Thursday, January 8, 2009

Conservation Volunteers Christmas BBQ

As a volunteer I was entitled to go to the CVA's volunteers Christmas BBQ which was held on the 16th of Dec in Yarra Bend Park. The reason for choosing this venue was because it is where Melbourne's resident colony of Flying Foxes (Large bats) roost.

I had to make my way to the CVA offices for 10am and only just made before the bus took us to the park. The annoying thing was that it passed by my bleeding hostel to get there!

Once there the volunteers were given a guided tour of the colony by Prue before having a gigantic meal of sausages, burgers and salad. It was great to have a free meal which I did not have to cook for myself. I should have had the courage to ask if I could take some of the left overs home with me - I could have ate like a king for days on coleslaw and cold burgers!

Featured Animal: Grey Headed Flying Fox

I forgot to mention that as well as all the other conservation things that Prue does she is also heavily involved with Bat conservation. The colony of bats in the Yarra park were not always there. Several years ago they roosted in the botanic gardens in the centre of Melbourne where they were causing severe damage to the plants.

It was decided that, if possible, the bats should be moved to another location. Prue was involved in this move and explained to the assembled volunteers how they did it.

At first they tried capturing the bats (no mean feat) and relocating them to a new place but that proved useless - they simply flew back! They also tried using caged bats in areas and bat sounds in order to entice them into another area but again it was no good.

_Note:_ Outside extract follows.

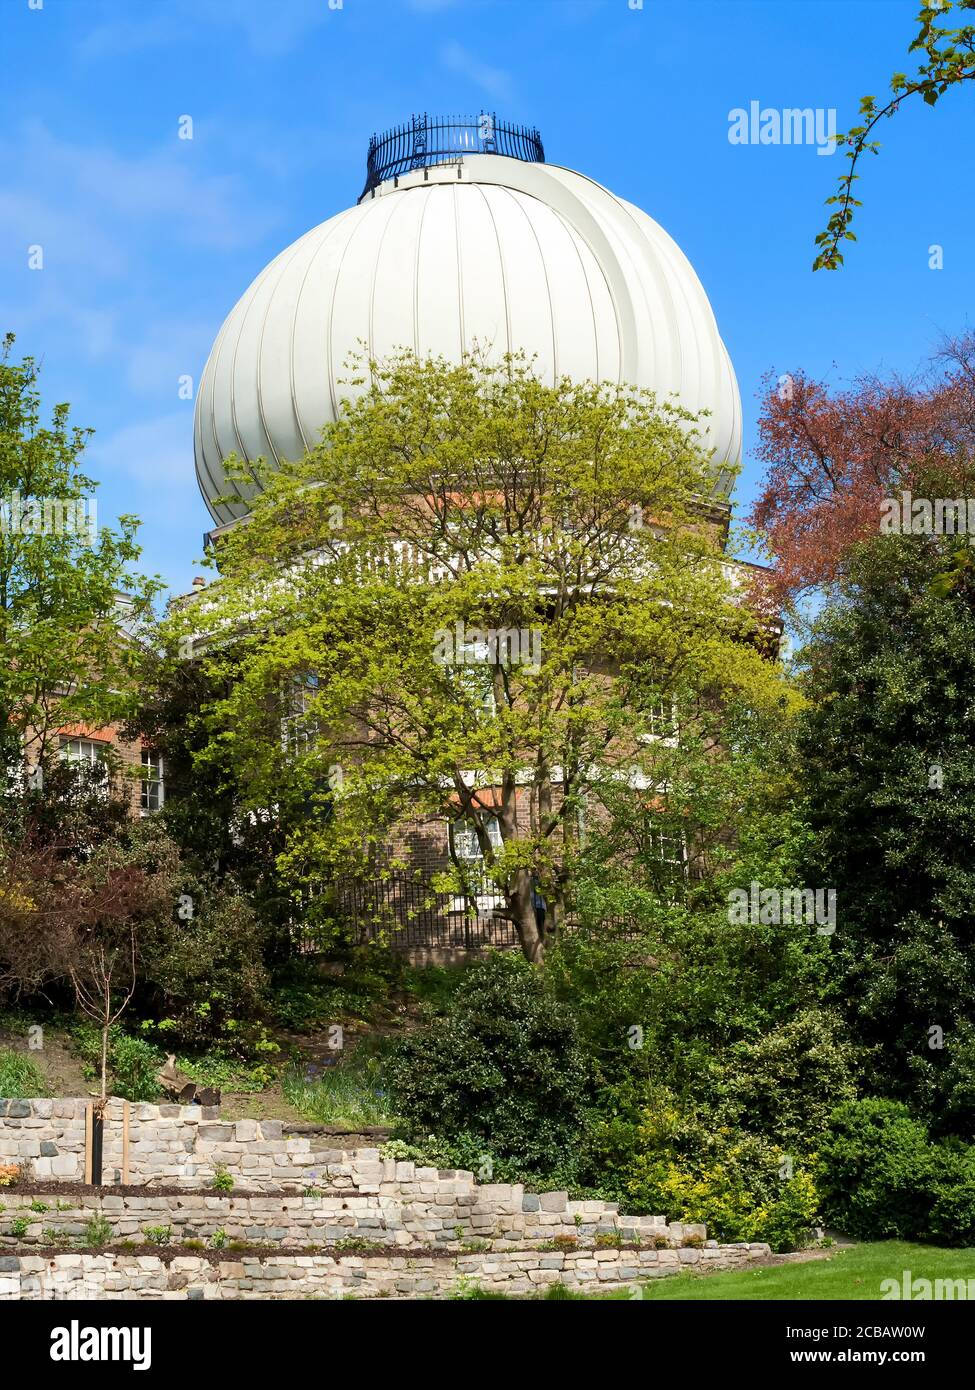 The Royal Observatory museum in Greenwich London England UK a Victorian 19th century building which is a popular travel destination tourist attraction Stock Photo

In the end they came up with an ingenious method of herding the bats using noise. What they did was use large stereo systems mounted on the back of vehicles and played loud sounds in botanic gardens early in the morning as the bats came back to roost. Once they made the place unlivable for the bats they started using a wall of sound to gradually 'herd' the bats from one area to another until finally they came to rest in Yarra Park. The method was debunked by other organisations but it worked. It took a lot of time and effort to accomplish and Yarra park was not the intended final destination but it was deemed good enough. The bats have been there ever since. Prue still helps with a monthly bat count carried out as the bats leave in a full moon.

Each one of those dark balls is a bat!

Slightly closer.

Really close.

Although most of the bats roosted on the other side of the river there were some on our side and in places you could actually walk below them. Some of them even flew about from time to time.

Here are pics of the fact boards.

I was determined to come back some day to see them flying at dusk.